Data to examine —
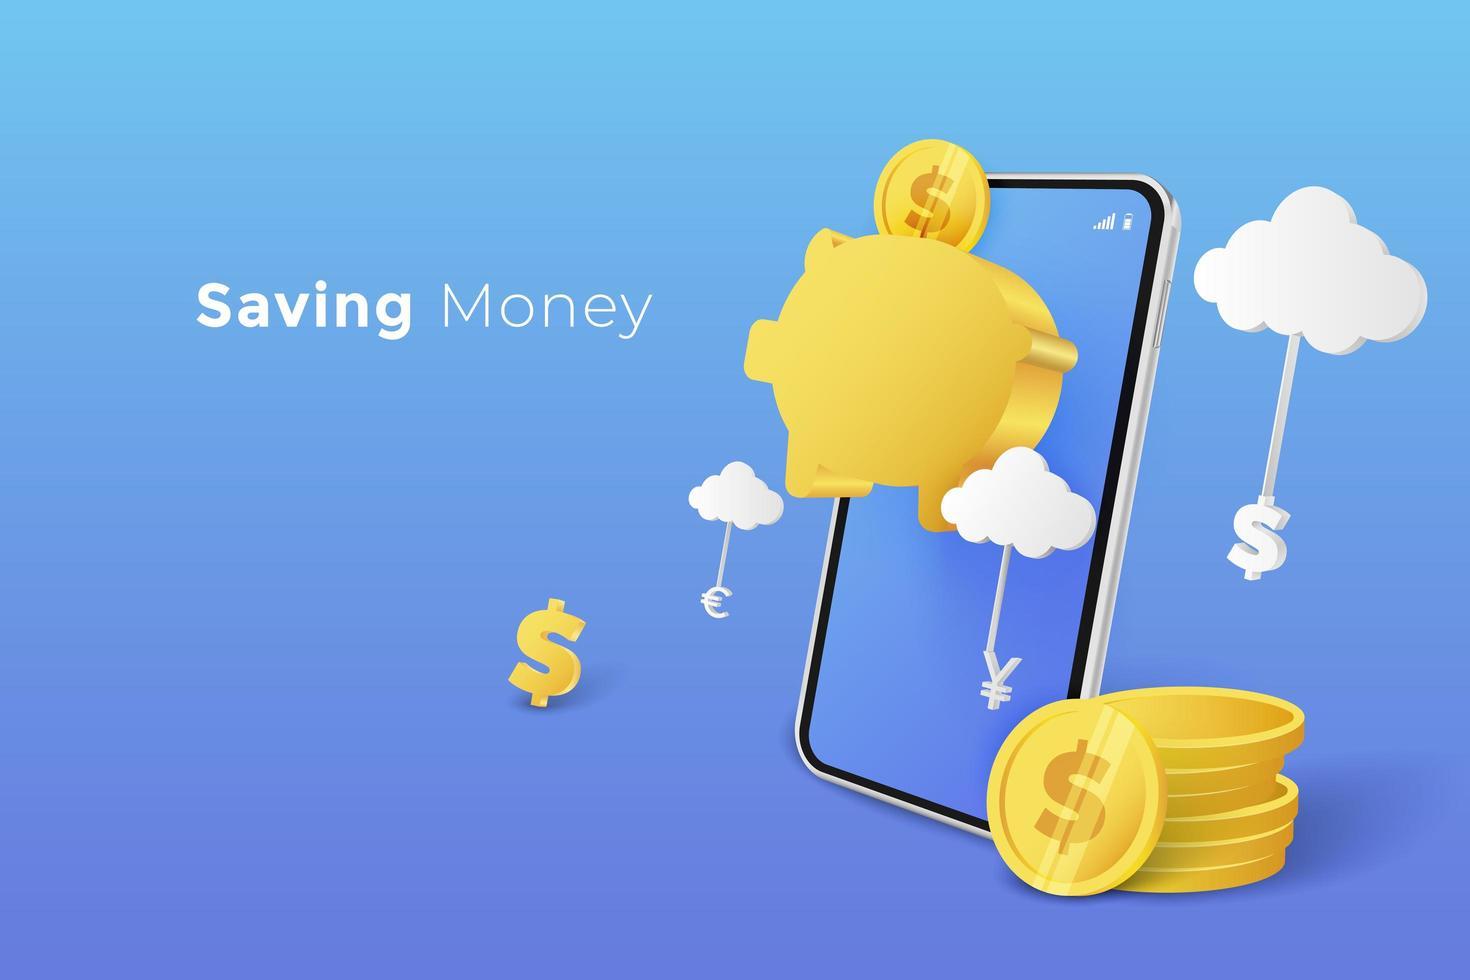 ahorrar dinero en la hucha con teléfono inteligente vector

--

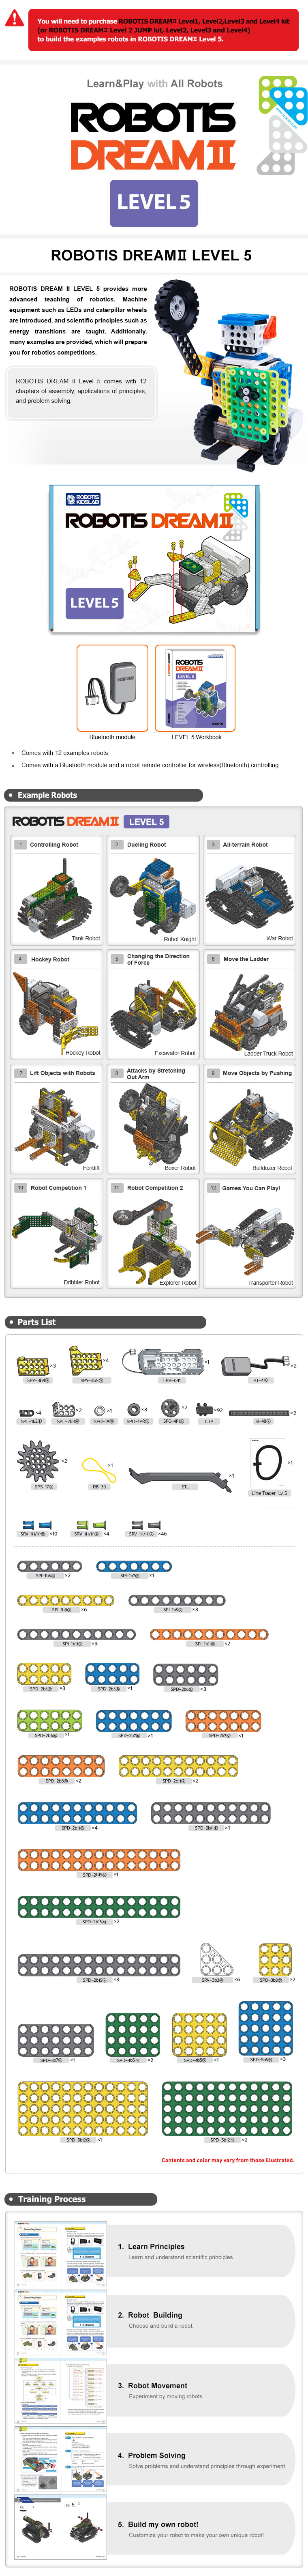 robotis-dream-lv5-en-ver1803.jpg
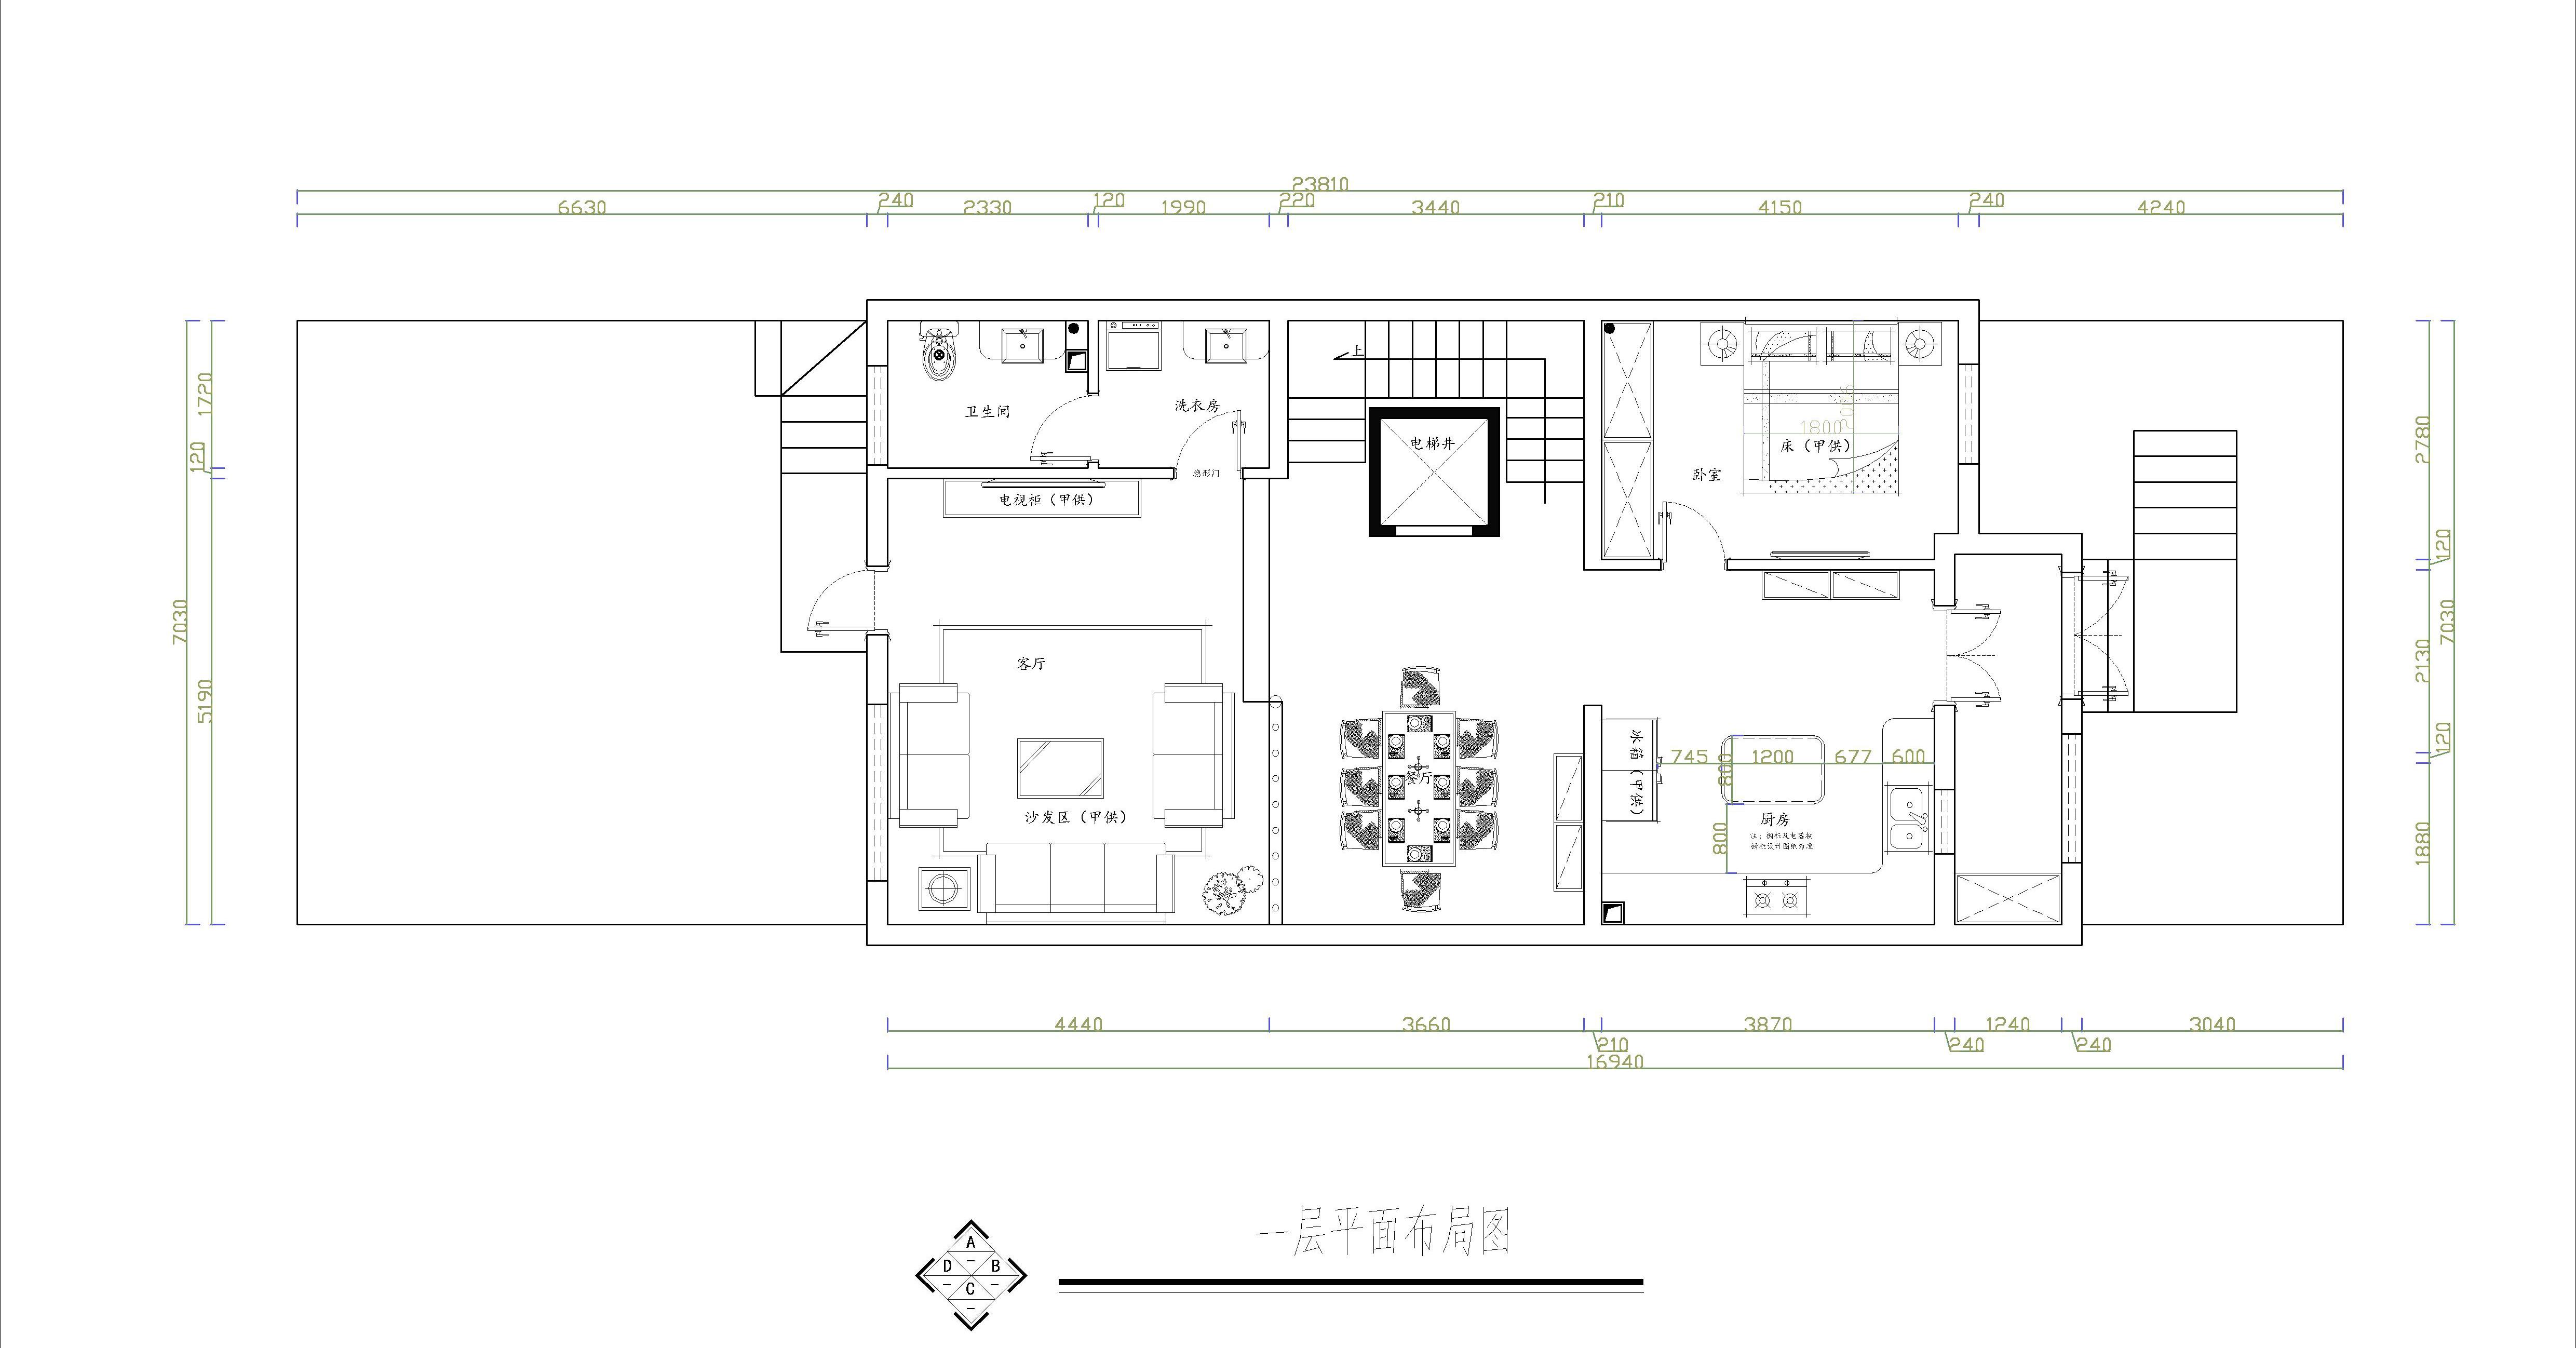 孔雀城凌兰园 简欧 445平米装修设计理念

---

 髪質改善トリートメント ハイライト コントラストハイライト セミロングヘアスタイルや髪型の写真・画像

Exercise objective —
Using the records above, repeat exactly the run of lines that starts with the line with "robotis-dream-lv5-en-ver1803.jpg" and goes on through the line with "孔雀城凌兰园 简欧 445平米装修设计理念"; omit each picture.

Answer below —
 robotis-dream-lv5-en-ver1803.jpg
 孔雀城凌兰园 简欧 445平米装修设计理念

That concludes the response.